An examination of the facts will disclose that the Michigan statute had been approved by this court and the Court of Appeals. See United States v. Maniaci, 36 F.Supp. 293 (1933) and Youngblood v. United States, 141 F.2d 912 (6 Cir., 1944.) And yet in 1950, when notice, with a description, was to be filed in Livingston County, the government failed to comply. Reasons for not filing the notice were not given, except to say that in the Union Central case the Supreme Court held that no such state law could exist. That decision, however, had not been rendered until 1961, some 16 months after the purchase by the defendants. Prior to that decision, there was no indication that such statute would be declared per se illegal. On the contrary, every indication was that the statute would be upheld.

Thus, in the light of the foregoing facts and reasons, this Court cannot but hold that the Carlsons were bona fide purchasers in good faith without notice.

This Court does agree with the government on the question of laches, that such right may not be lost through laches. United States v. Mr. Hamburg Bronx Corp., 228 F.Supp. 115 (1964); United States v. Summerlin, 310 U.S. 414, 60 S.Ct. 1019, 84 L.Ed. 1283 (1940). And the United States may proceed to recover back taxes from the Estate of Donnelly.

Therefore, it is ordered summary judgment in favor of the defendants Carlson should be and hereby is granted. Plaintiff, United States, has no interest, lien, or claim in the property described in the complaint.

. The “Uniform Federal Tax Lien Registration Act” [Act 107, P.A.1956 effective August 11, 1956; C.L.1948, § 211.661 et seq.] repealed the Act 104 of Public Acts of 1923. The Act eliminated the requirement of a description of property and was in effect for almost six years prior to the purchase by defendants Carlson.
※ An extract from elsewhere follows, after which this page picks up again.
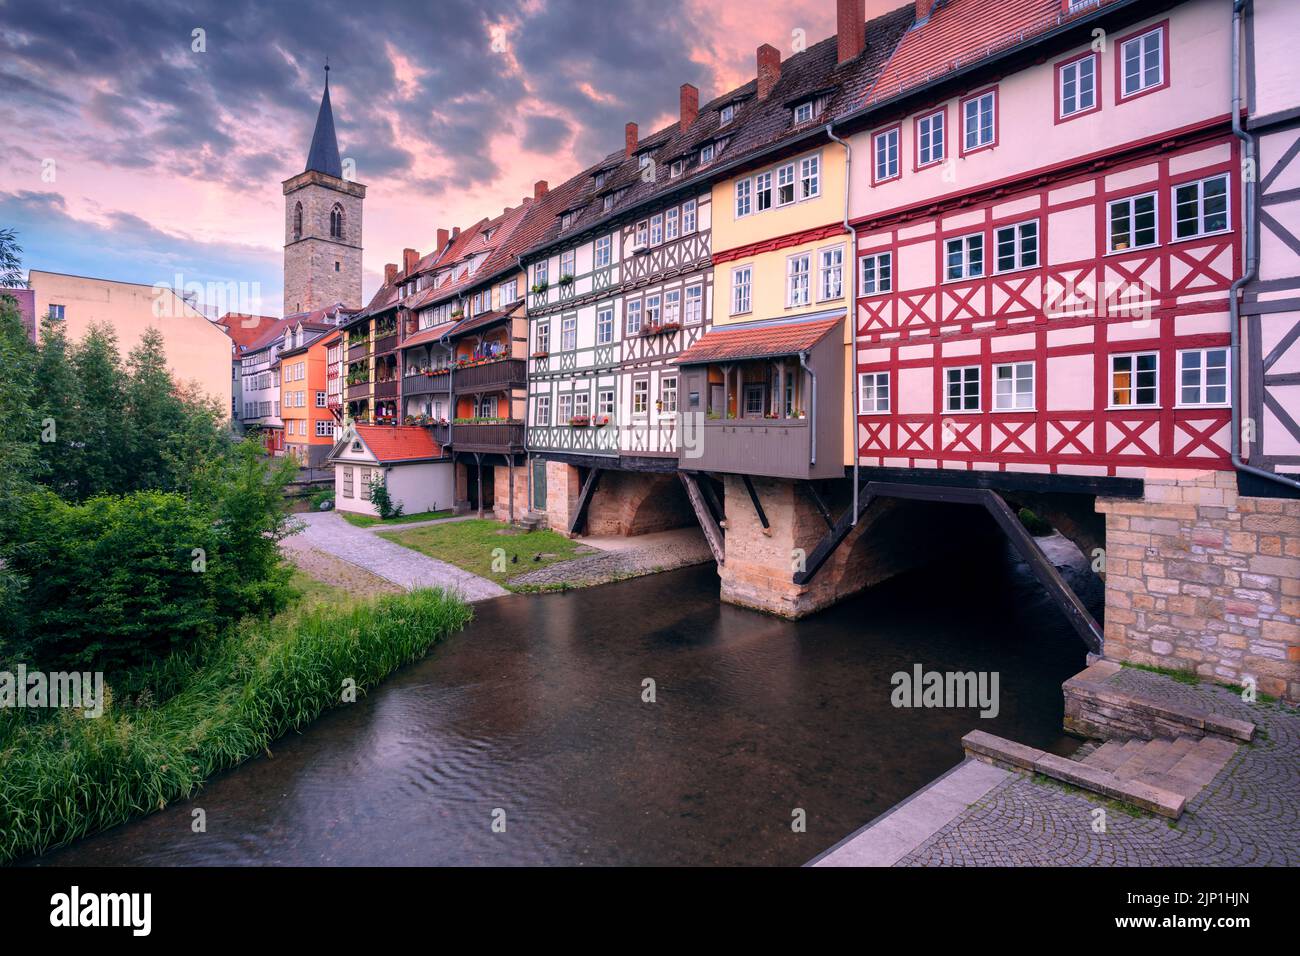 Erfurt, Germania. Immagine del centro di Erfurt, Germania, con il Merchant's Bridge all'alba estiva. Foto Stock

It was not until after the purchase by defendants that notice of any lien was filed with the Register of Deeds for Livingston County pursuant to Act 107.
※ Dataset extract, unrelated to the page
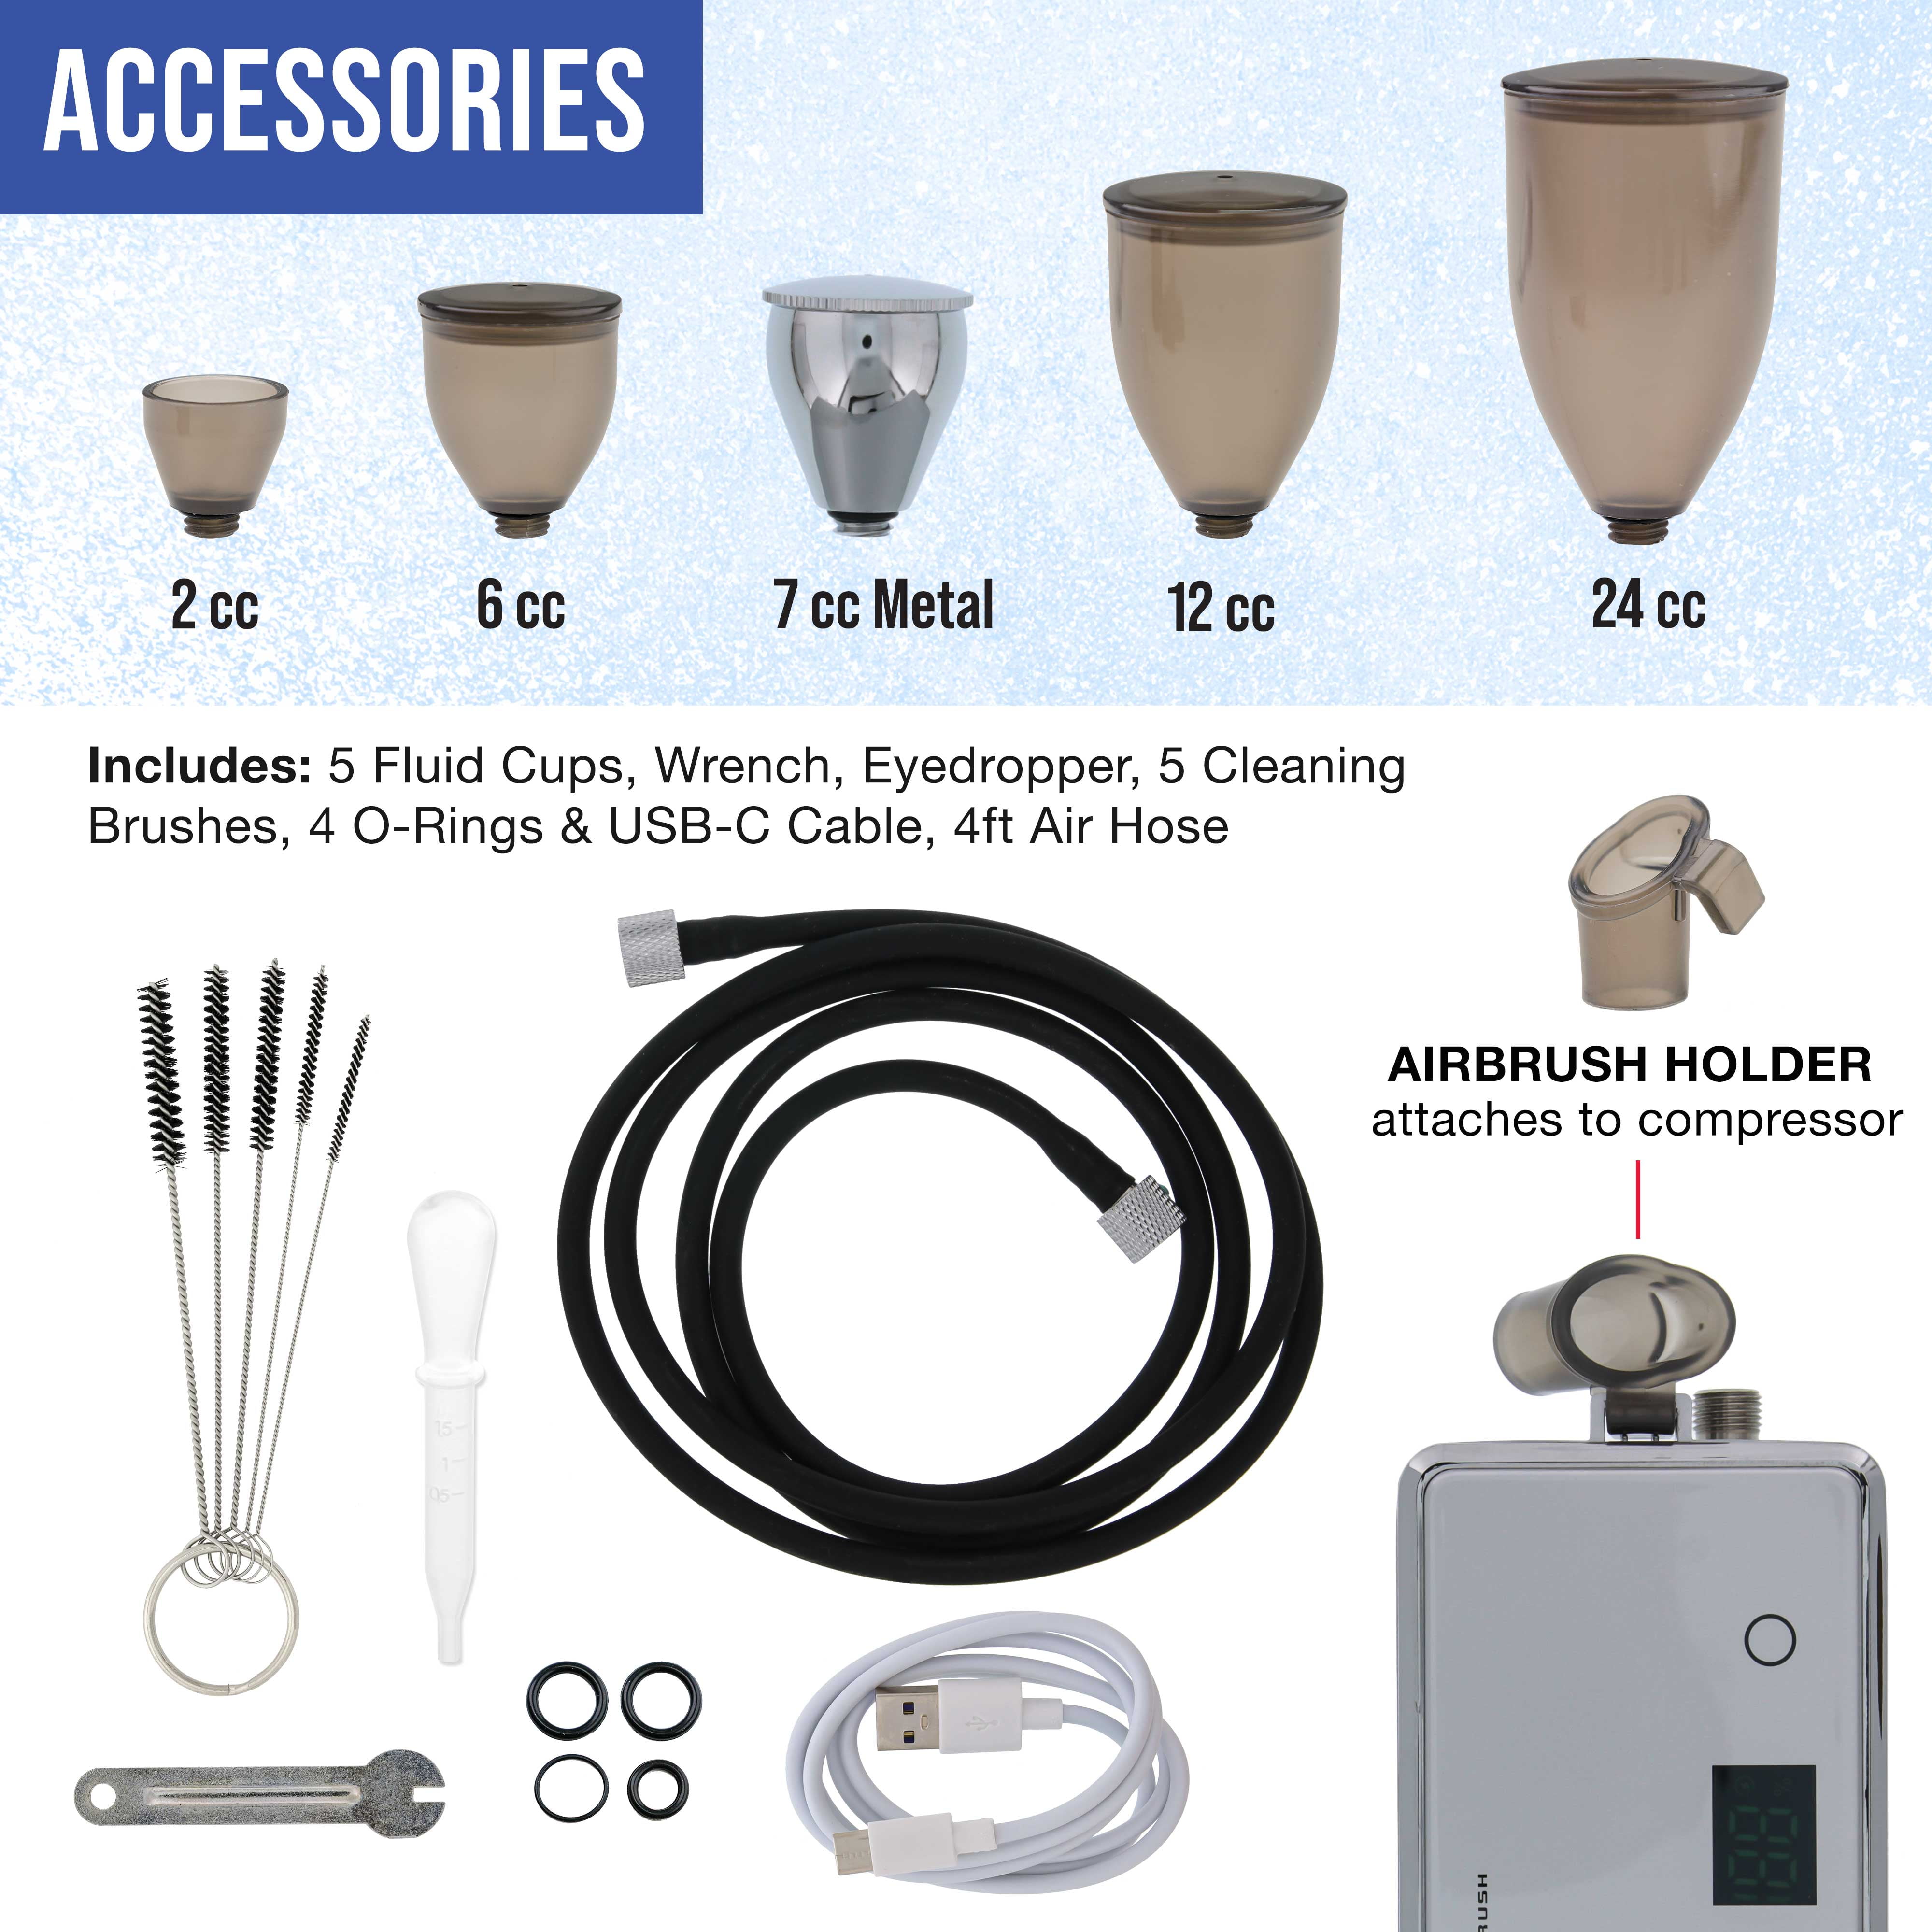 Cordless Airbrush kit – BACOENG

. Since the purchase by Carlson and pri- or to the commencement of suit, the defendants have expended over $25,000 on improvements to the property.

. The Probate Code provides that “if the widow, husband, next of kin or grantee shall neglect for 30 days after the death of the intestate to apply for administration, or to request that administration be granted to some other person, 1 or more of the principal creditors may file such petition, or the same may be filed by any person in whose favor a right or cause of action exists which cannot be enforced without such administration or by the public administrator of the proper county.” O.L.1948, § 702.51.

. Ҥ 3672. Validity against mortgagees, pledgees, purchasers, and judgment creditors

(a) Invalidity of lien without notice. Such lien shall not be valid as against any mortgagee, pledgee, purchaser, or judgment creditor until notice thereof has been filed by the collector—

(1) Under State or Territorial laws. In the office in which the filing of such notice is authorized by the law of the State or Territory in which the property subject to the lien is situated, whenever the State or Territory has by law authorized the filing of such notice in an office within the State or Territory; or

(2) With clerk of district court. In the office of the clerk of the United States district court for the judicial district in which the property subject to the lien is situated, whenever the State or Territory has not by law authorized the filing of such notice in an office within the State or Territory; or

(3) With clerk of District Court of the United States for the District of Columbia. In the office of the clerk of the District Court of the United States for the District of Columbia, if the property subject to the lien is situated in the District of Columbia.”